Aeneas, however, did bring with him a slight technical problem.While the Greek geographer Eratosthenes had dated the fall of Troy to 1184 BC, Roman tradition had it that Romulus and Remus founded Rome in 753 BC. But myth was ever flexible. Later juggling of dates resulted in the story of Aeneas settling down and dying in Lavinium south of Rome; his son Ascanius subsequently moving to Alba Longa; and over 300 years later, his descendants Romulus and Remus founding Rome itself.
Section 3A(i)
Jupiter decides to exclude the goddess Discordia from the wedding feast of Peleus and Thetis.

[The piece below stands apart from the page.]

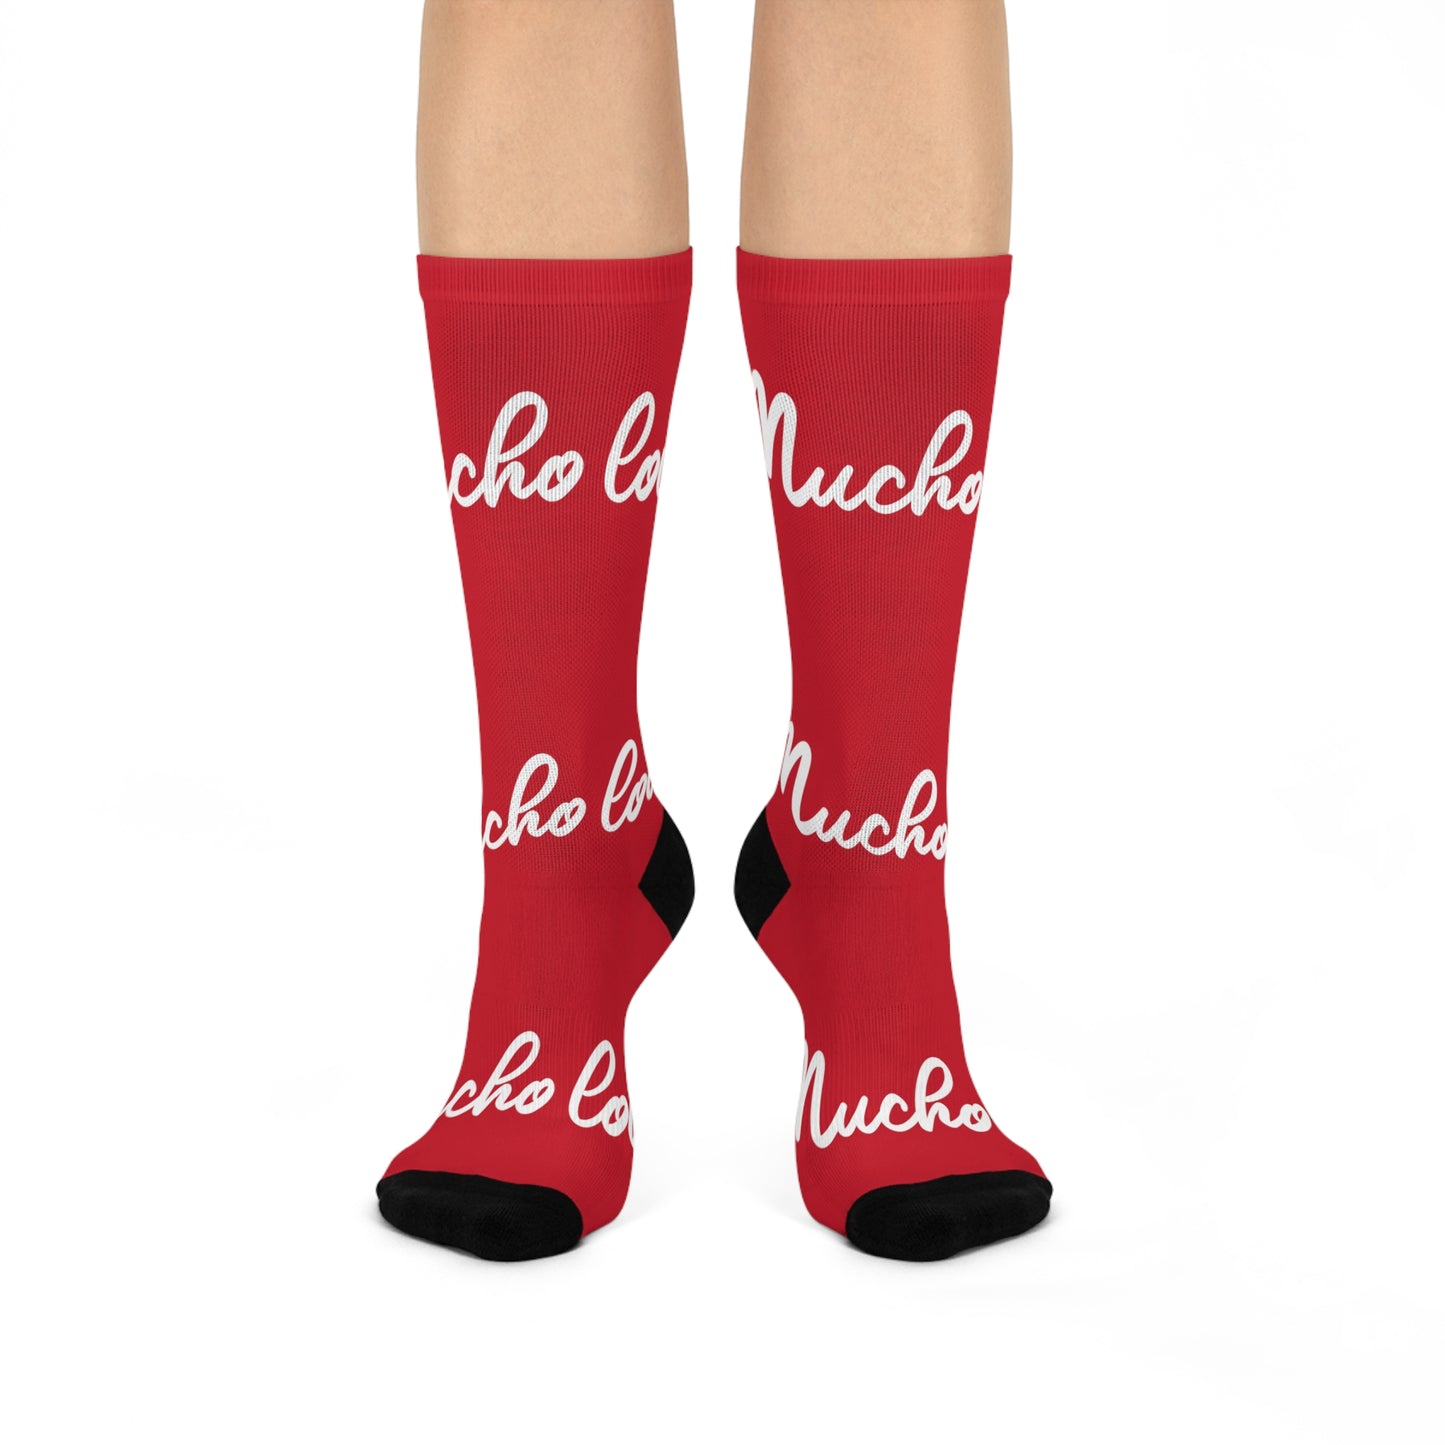 Mucho love -  Cushioned Crew Socks

This leads to a beauty contest on Mount Ida, judged by the Trojan Paris; and the result of this is that Paris abducts Greek Helen and starts the Trojan War.
ubi Pēleus Thetin in mātrimōnium dūxit, Iuppiter ad epulās deōs plūrimōs conuocāuit, sed nōn Erida (id est, Discordiam). ea īrātissima in mālō aureō scrīpsit ‘fōrmōsissimae’. deinde ad iānuam uēnit et per eam id mālum mīsit in medium. et propter hoc mālum – malum minimum – maxima discordia Iūnōnī, Venerī, Mineruae fuit.